What is required:
With the pictures omitted, write out all of the listing exactly.

Data excerpt:
Start of Block
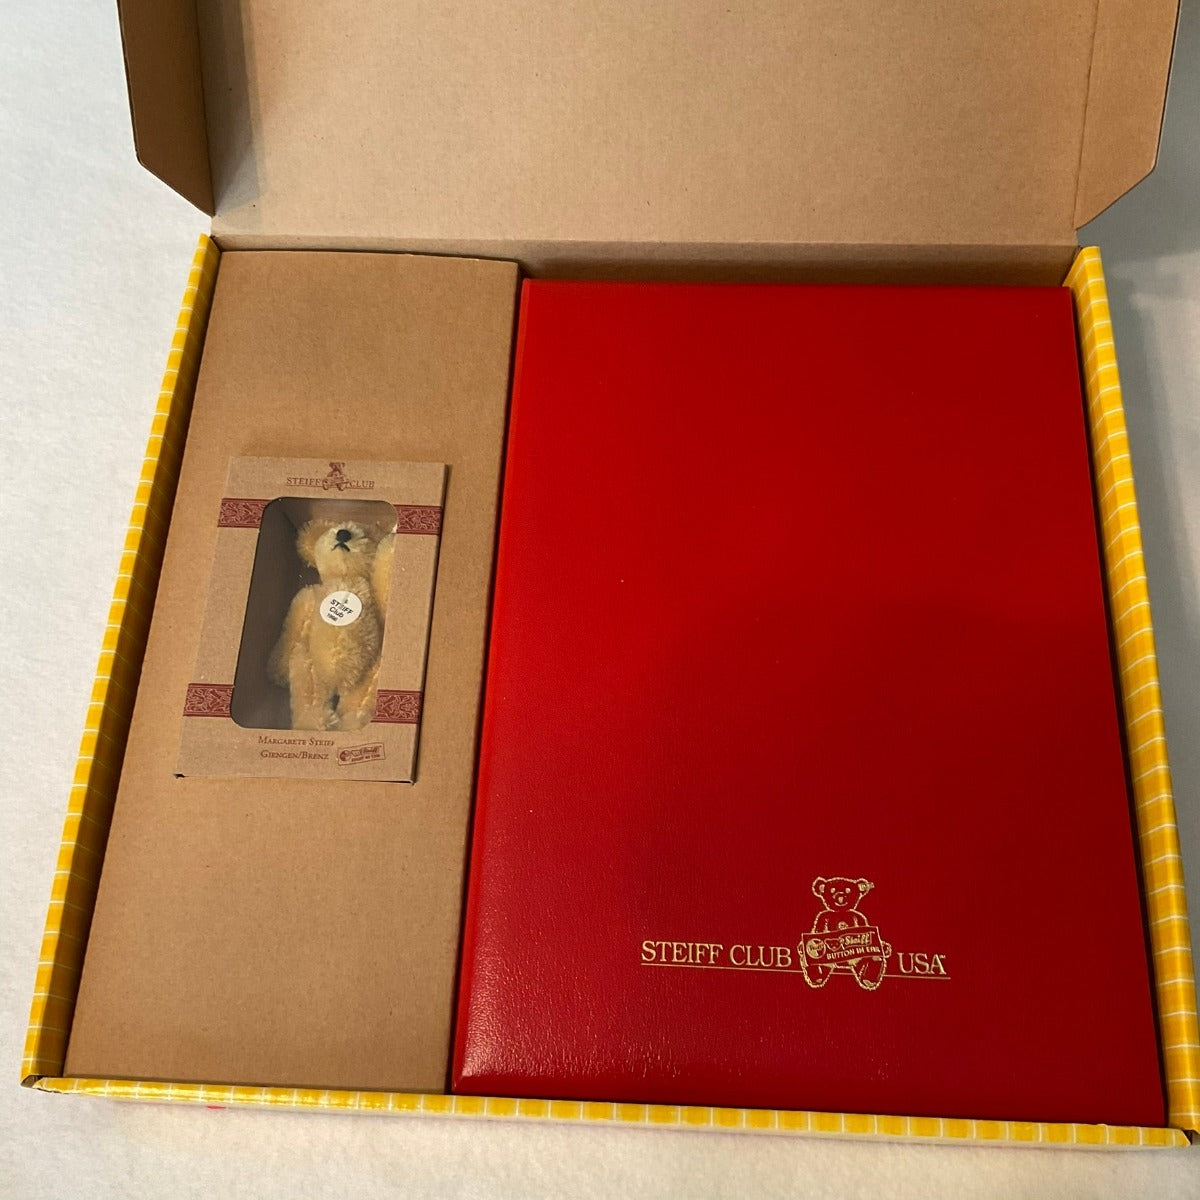 1998 Steiff Club Gift Membership Kit - Inside Box
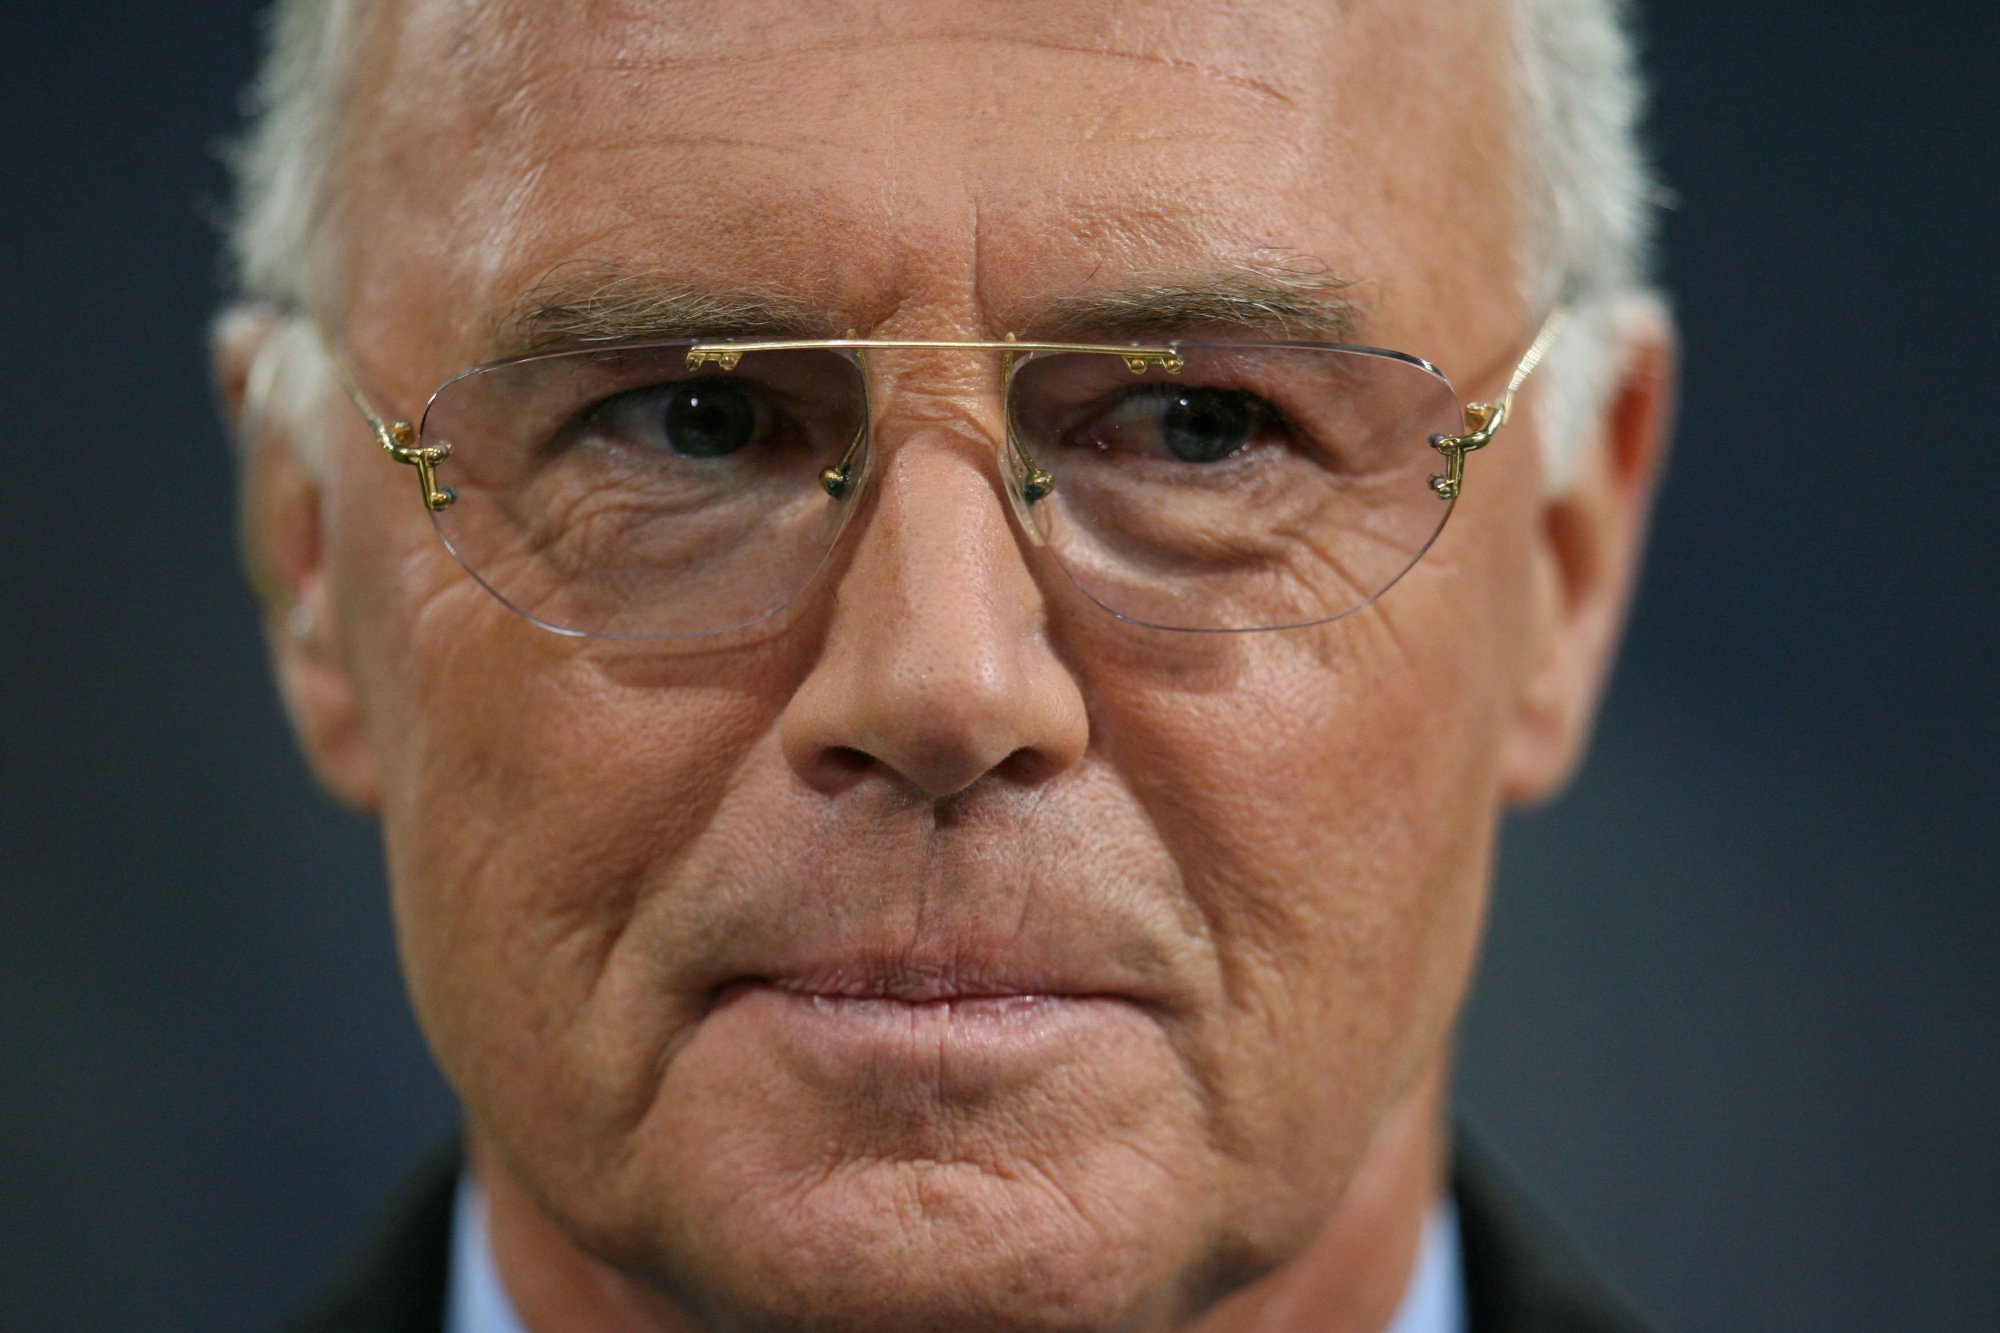 German Football Legend Franz Beckenbauer Has Died at 78
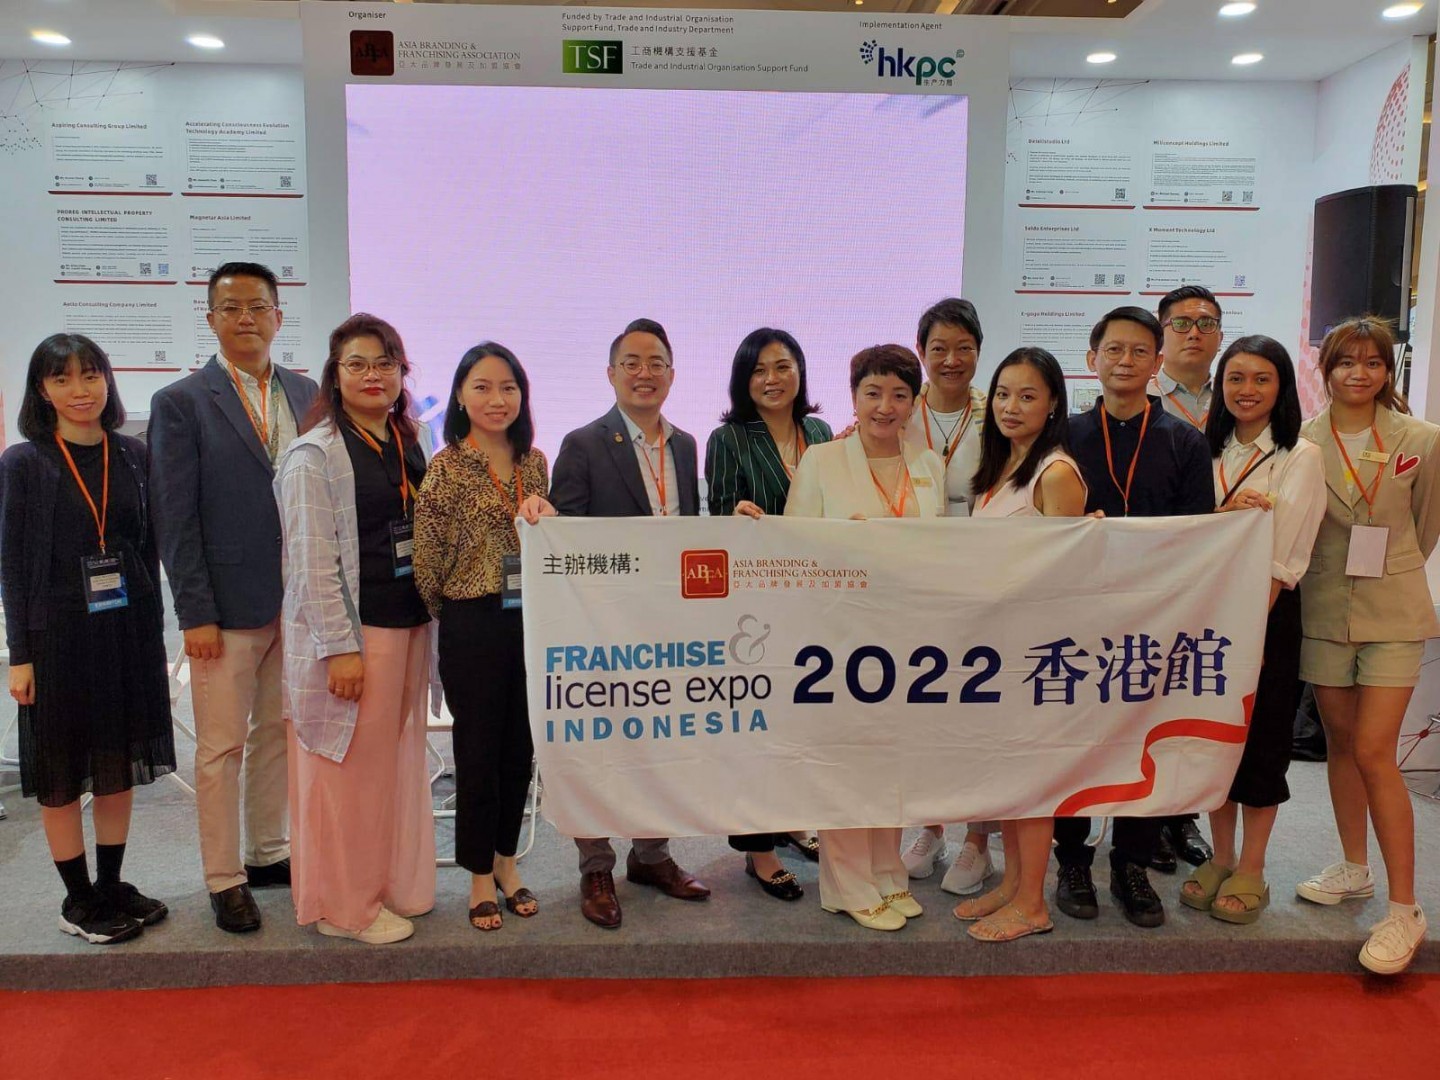 Franchise & License Expo Indonesia 18-20 November, 2022
End of Block
Finished exercise:
 1998 Steiff Club Gift Membership Kit - Inside Box
 German Football Legend Franz Beckenbauer Has Died at 78
 Franchise & License Expo Indonesia 18-20 November, 2022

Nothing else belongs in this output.